Educators and employers want to work together, Erlacher said, “but the problem is, it’s confusing and time-consuming for everyone,” which is why an intermediary like Workplace Learning Connection is beneficial.

The Iowa Department of Economic Development has given $900,000 to the Iowa Department of Education to provide up to $60,000, with some matching dollars, to areas served by community colleges to set up intermediary organizations.

Alexis Devine, director of Lifespan Youth Development and Youth Employment programs in Rhode Island, shared how her program helps provide at-risk youths summer jobs within Lifespan Corp. In 2008, her group helped 100 youths, up from its pilot phase in 2004, which served 18 youths.
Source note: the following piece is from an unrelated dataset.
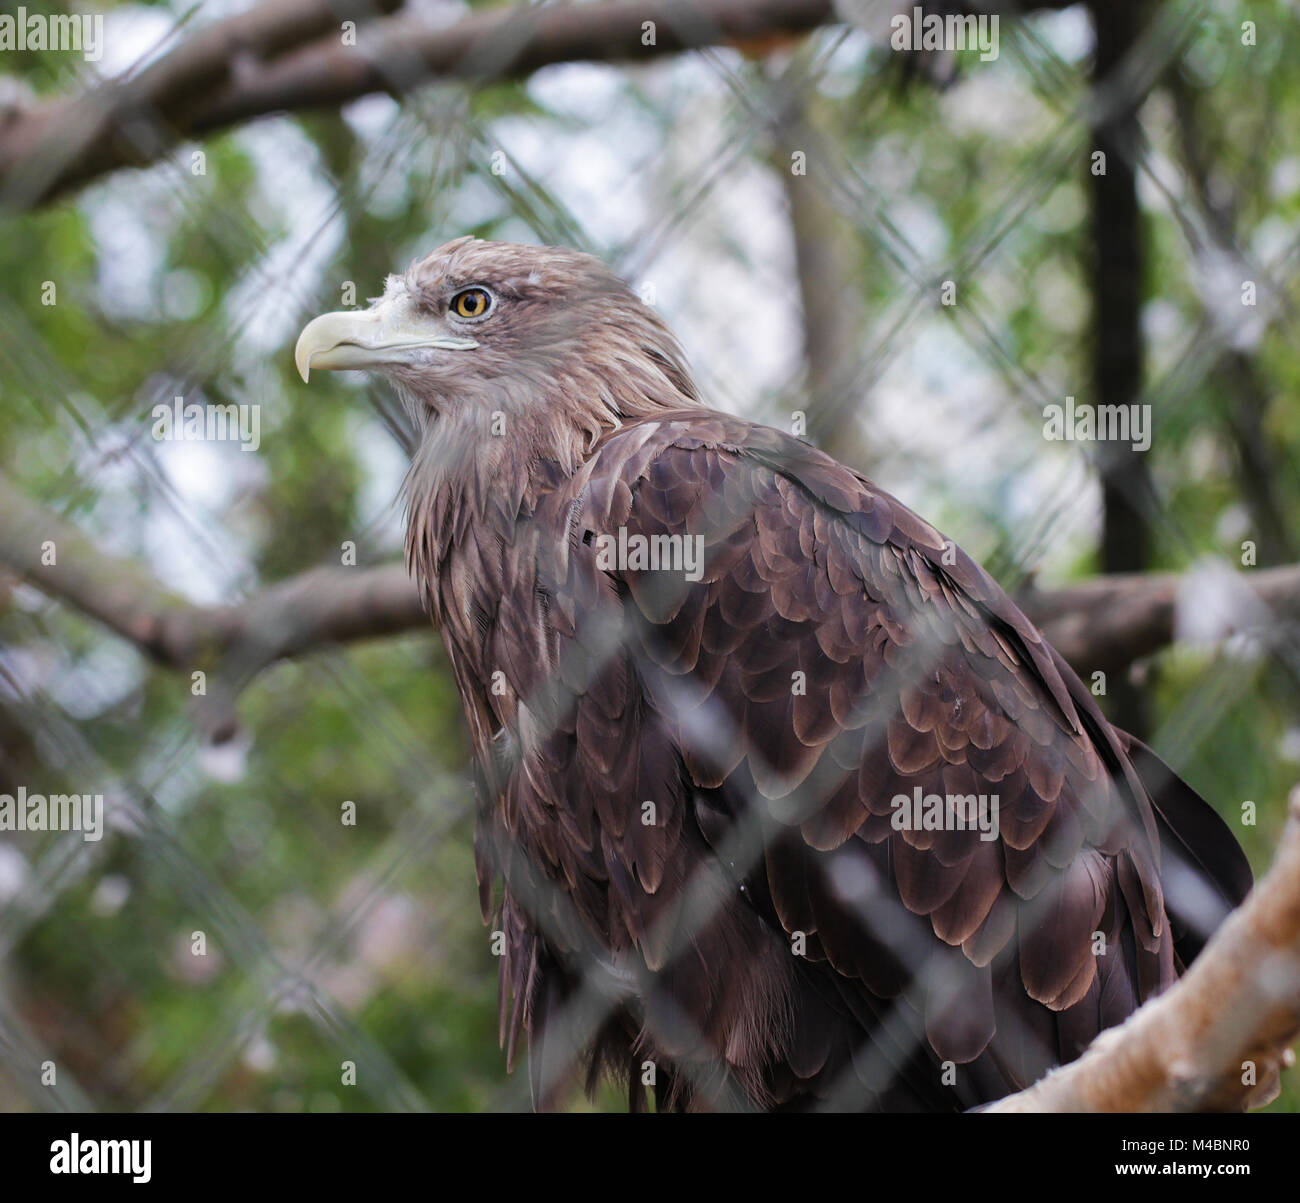 Golden Eagle bird close up ritratto animale Foto Stock

Thirty percent of the teenagers who participate have gone on to get permanent jobs with Lifespan.

Other attendees at the conference seemed to be there to network and share their own practices as well. Sara Wickham of Nationwide Mutual Insurance Co. explained how her company offers one to two internships to Scavo women students a year, and the Technology Association of Iowa has recently started HyperStream, a program where companies work with students on technology-focused projects.

“I was really glad to see all the really successful programs built around the high school age,” Gibbons said. “Talking with employers, many of them do college internships, but I haven’t heard much about high school. … It needs to start earlier than college.”